The Past As A Guide To The Future

“Study the past, if you would divine the future” Confucius

Historical analysis of the financials is a crucial part of understanding any company. The problem with most sell side analysts is that they don’t look back far enough – typically viewing two years of history as sufficient. By looking back 10 years or more, an analyst gets access to a data set that provides so much more. Armed with 10 years of data an analyst can find answers to questions such as: How cyclical are the earnings? How predictable and stable are the revenues? How has the company evolved over time? And how well have management run the company?

“Review the key financial data for at least the past 10 years on an annual basis, and go back even further if you want to explore how the stock performs at the trough and peak of multiple cycles.”  James Valentine, Best Practices for Equity Research Analysts

What to Look for?

I pay particular attention to three metrics – Revenue growth, ROIC, and Operating Margins. I find this usually gives me a solid understanding of how the company behaves across a full cycle.

ROIC gives you some sense of the value-generation capacity of the company over time. Is ROIC higher than WACC, and is it able to maintain a margin above WACC consistently? Does it go through periods of earning super-normal returns or periods of value destruction (i.e. ROIC below WACC)? This gives you a sense for what kind of moat is present and how persistent that moat is. More information on studying ROIC is provided here.

A revenue history tells you much more about the type of company you’re analyzing. Is it a highly cyclical company or is it more of a stable growth company? Revenue growth should be broken down into key components – organic growth, growth from acquisitions and the impact from currencies. Note that growth from acquisitions or as a result of currency moves are much lower quality and less likely to be repeated. Organic growth is what counts for most investors. More information on studying revenue growth is provided here.

Margins give you a better handle on how the cycle affects a stock. How far do margins rise in the good times, and how far do they fall in a downturn? (or do they go negative?) Do margins fluctuate from year to year or do they stay within a tight range? More information on studying margins is provided here.

Using the Past to Divine the Future

Benjamin Graham understood well the value of historical data, but he also recognized that it also had major constraints:

“This is at once the most important and the least satisfactory aspect of security analysis.
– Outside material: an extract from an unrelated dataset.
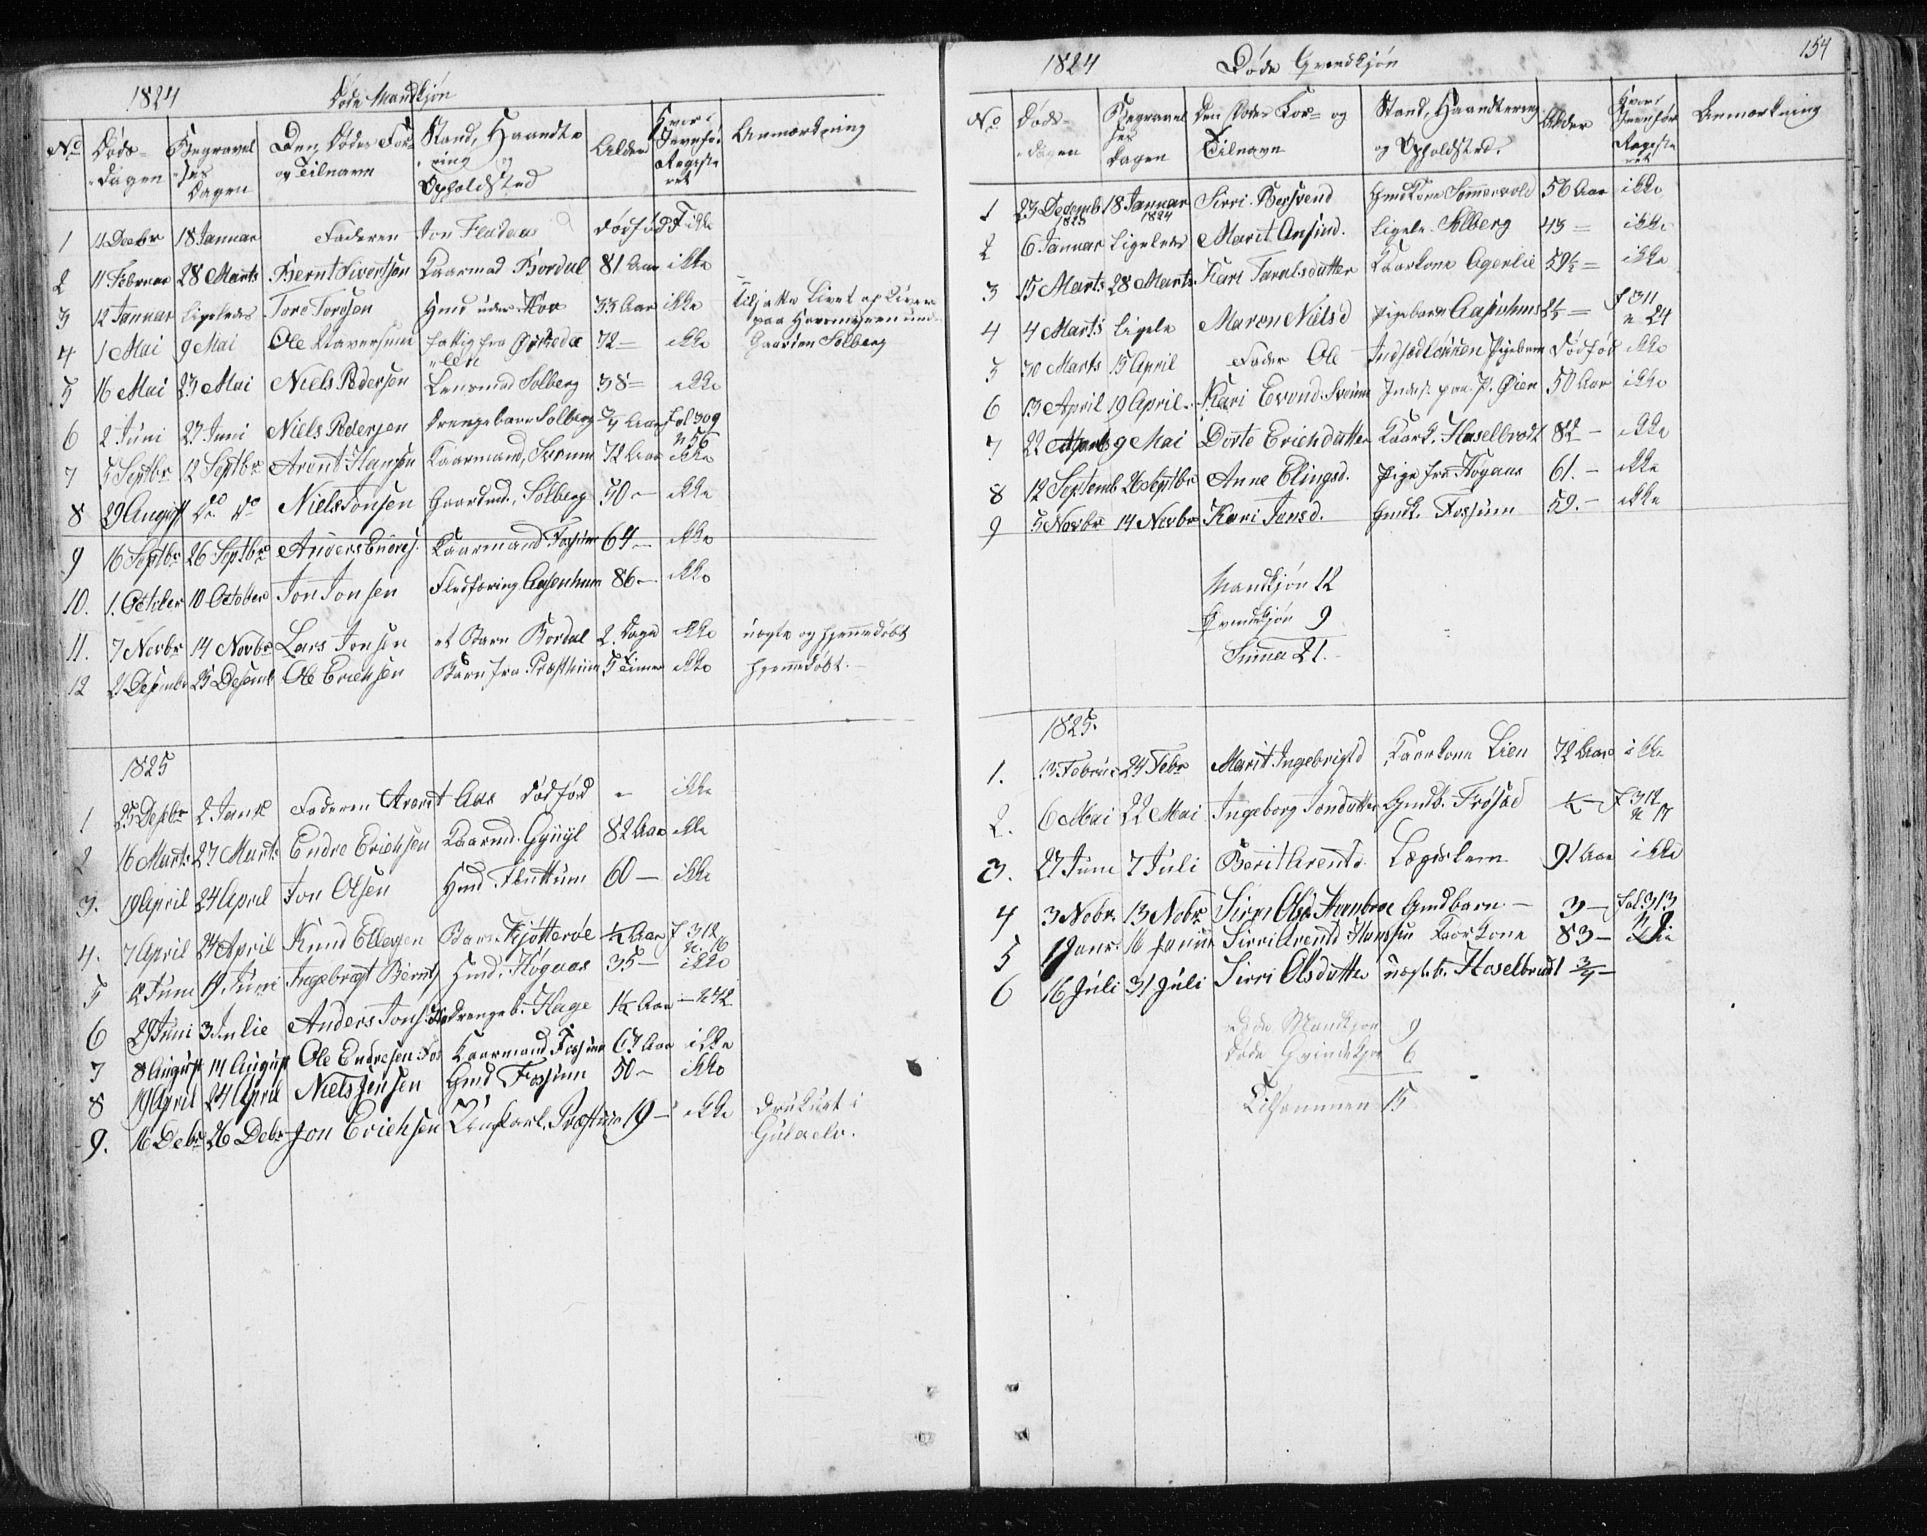 SAT, Ministerialprotokoller, klokkerbøker og fødselsregistre - Sør-Trøndelag, 689/L1043: Klokkerbok nr. 689C02, 1816-1892, s. 154

It is the most important because the sole practical value of our laborious study of the past lies in the clue it may offer to the future; it is the least satisfactory because this clue is never thoroughly reliable and it frequently turns out to be quite valueless. These shortcomings detract seriously from the value of the analyst’s work, but they do not destroy it. The past exhibit remains a sufficiently dependable guide, in a sufficient proportion of cases, to warrant its continued use as the chief point of departure in the valuation and selection of securities” Benjamin Graham, Security Analysis

As Graham mentions here, the entire reason for looking back at history is as a guide to inform our view of the future. In making our projections we should consider the following:

  1. What is the range of values that has been achieved in the past?
  2. What is the recent trend in values?
  3. How do current conditions compare to historical conditions and how are these conditions likely to change in the future?

These three factors need to be weighed against each other in a balanced way. The trend should be understood, but not extrapolated without good reason. Too often sell side analysts pay too much attention to the recent trend and too little attention to the historical range. It is this bias that so often leads the sell side to predict wildly unrealistic numbers and you should guard yourself against this.

This Time it’s Different?

 “The four most expensive words in the English language are ‘this time it’s different’” John Templeton

If nothing else, historical analysis should be used as a sense check for your forecasts. Where estimates call for ROIC, margins and revenue growth that fall outside the normal range of the company, that should raise a red flag. In these cases you need to be absolutely sure you understand why the company is departing from its past experience. It could be justified by a fundamental change in the underlying business, or a fundamental change in the way it operates that business – the important thing is that you are absolutely clear that there is a valid reason for the change. Over-extrapolation is such a common and costly error that you should force yourself to question your assumptions over and over again.

“I think it’s essential to remember that just about everything is cyclical. There’s little I’m certain of, but these things are true: Cycles always prevail eventually. Nothing goes in one direction forever. Trees don’t grow to the sky. Few things go to zero. And there’s little that’s as dangerous for investor’s health as insistence on extrapolating today’s events into the future” Howard Marks, The Most Important Thing

Disclosure: None.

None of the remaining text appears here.